ROANOKE TIMES 
                      Copyright (c) 1997, Roanoke Times

DATE: Thursday, March 27, 1997               TAG: 9703270041
SECTION: VIRGINIA                 PAGE: C-4  EDITION: METRO 
DATELINE: NORFOLK
SOURCE: ASSOCIATED PRESS


3 PORTSMOUTH DRUG DEALERS ARE RELEASED FREED BECAUSE OF A SEX-FOR-TESTIMONY SCANDAL

In exchange for his testimony, witness Gary Weathers was allowed to have sex in a federal government office.

Three convicted drug dealers have been released from prison because a prisoner was allowed to have sex in a federal government office in exchange for testimony against them.

The sentences of four other members of the Portsmouth drug ring were substantially reduced because federal agents did not disclose the conjugal visits to the court, and jurors were told there was no sex-for-testimony deal with witness Gary Weathers.

``The law requires the government to disclose matters that might reflect on the credibility of government witnesses,'' local FBI director Larry Torrence said Tuesday.

Bruce E. Boone Sr., convicted for his role in a Portsmouth gang that sold $20 million in heroin from 1984 to 1989, was freed Tuesday from a life sentence.

Torrence said Boone's case was not retried because it would be hard to reconstruct the case nearly 10 years after the investigation.

Two other men convicted in the case, Samuel Collins Jr., serving a life sentence, and William Kenneth Banks, serving a 25-year sentence, were released Nov. 14.

The agents involved were James Watters of the FBI and Richard McGoldrick of the Drug Enforcement Administration. Watters was a lead investigator in the drug case. When the issue of sexual favors came up at trial in 1990, Watters did not correct the judge when he told the jury the favors had never been granted, court papers show.

Weathers was permitted to have about a half-dozen ``lunches'' with his wife or a girlfriend in the Drug Enforcement Administration office in Norfolk in May and June of 1990, court papers show. Agents always knocked, then hesitated before entering the room.

Watters did not initially arrange for Weathers' sexual favors. But when he became aware of them, he did nothing to stop them, according to court papers.
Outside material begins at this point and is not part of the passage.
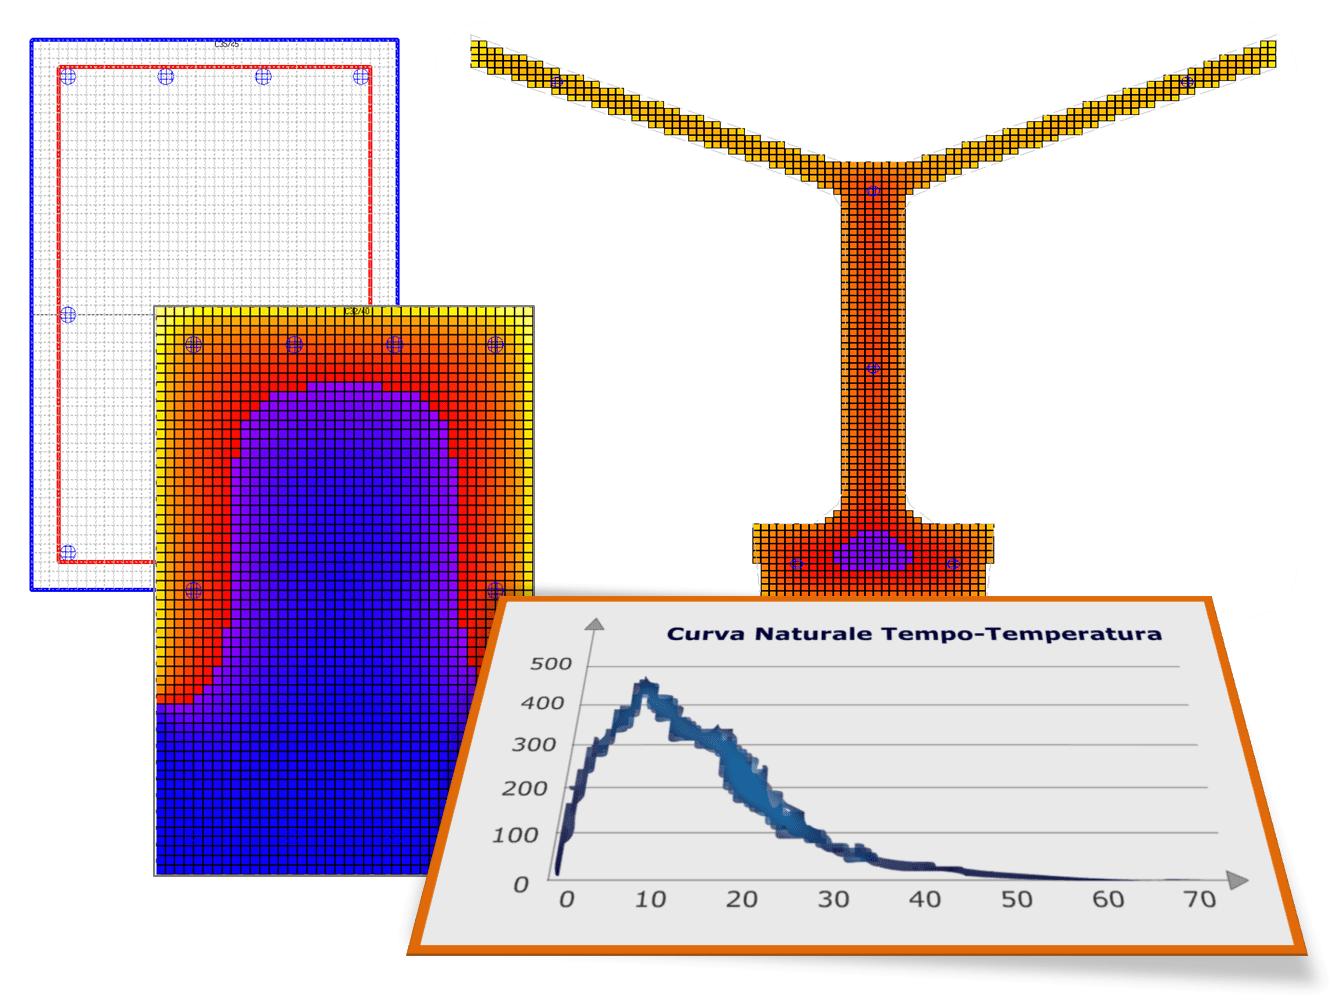 Software Calcolo Resistenza al Fuoco Strutture - CPI win REI - Curve naturali d'incendio e mappatura termica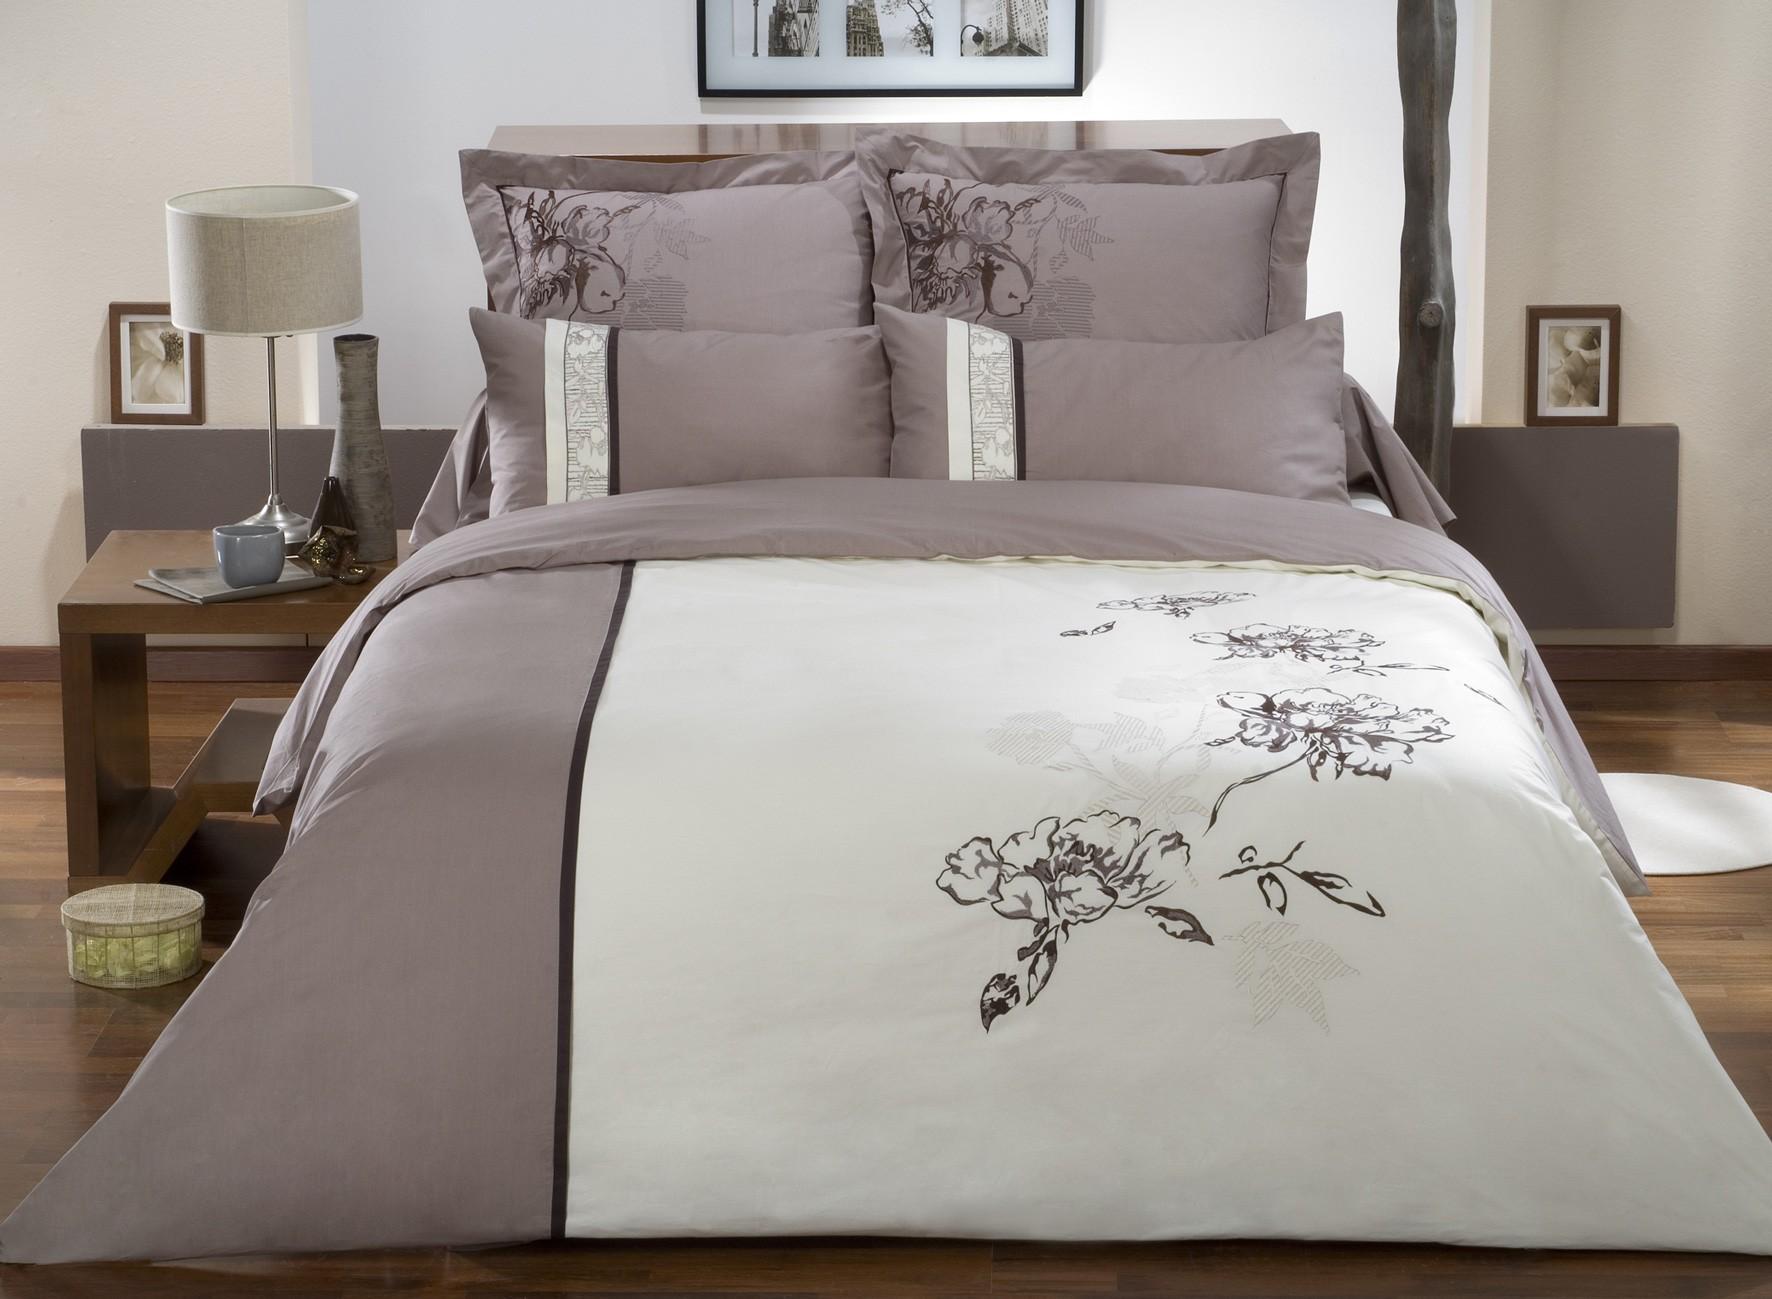 housse de couette chocolat taille 240x220cm 260x240cm. Black Bedroom Furniture Sets. Home Design Ideas

Watters sometimes would leave McGoldrick to guard the door while Weathers' wife or girlfriend visited.

Defense attorneys discovered the arrangement after Weathers' wife gave birth to twins in 1991 and named him as the father. Weathers had been imprisoned since 1989.

Lawyers for the men convicted by Weathers' testimony began filing motions in 1994, asking for new trials.

Watters and McGoldrick are still on the job pending the outcome of a Justice Department investigation begun in 1994. McGoldrick has been transferred to Chicago. The investigation apparently was completed last year, but the results have not been released.